INPUT DATA →

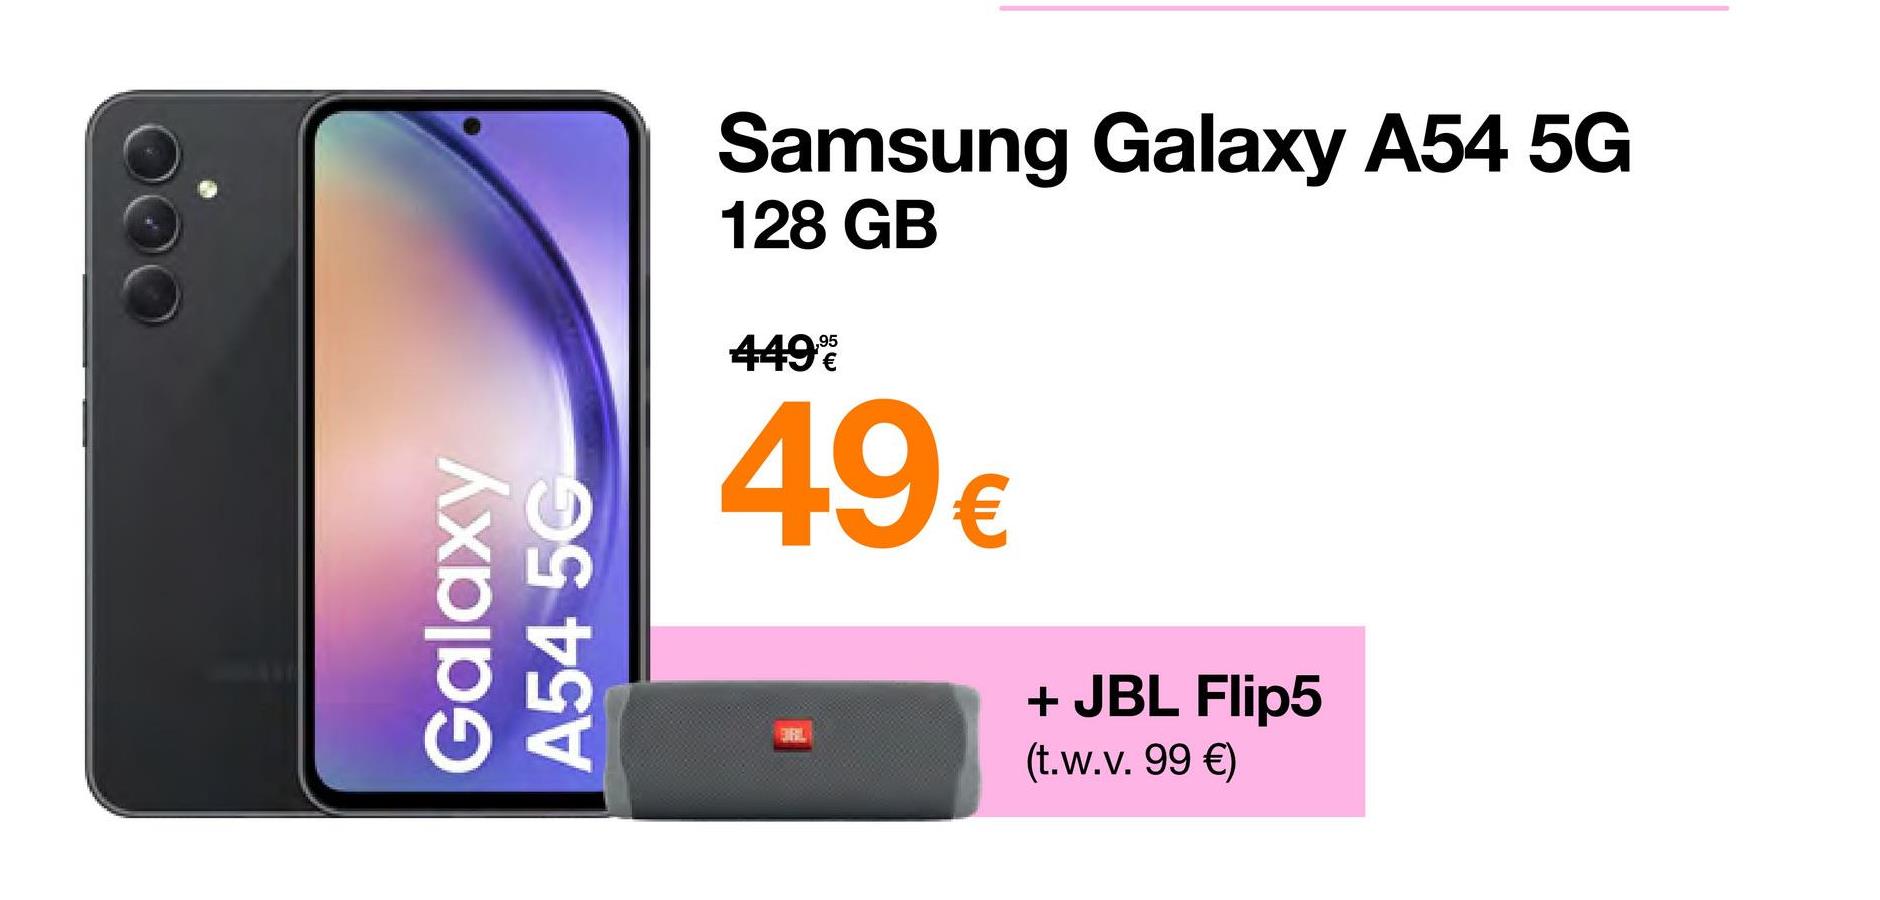 Galaxy
A54 5G
Samsung Galaxy A54 5G
128 GB
449%
49€
+ JBL Flip5
(t.w.v.99 €)

THE TASK → Look above for the line that holds "Samsung Galaxy A54 5G", then copy it and each line after it exactly, through the last line of the data.

TASK ANSWER →
Samsung Galaxy A54 5G
128 GB
449%
49€
+ JBL Flip5
(t.w.v.99 €)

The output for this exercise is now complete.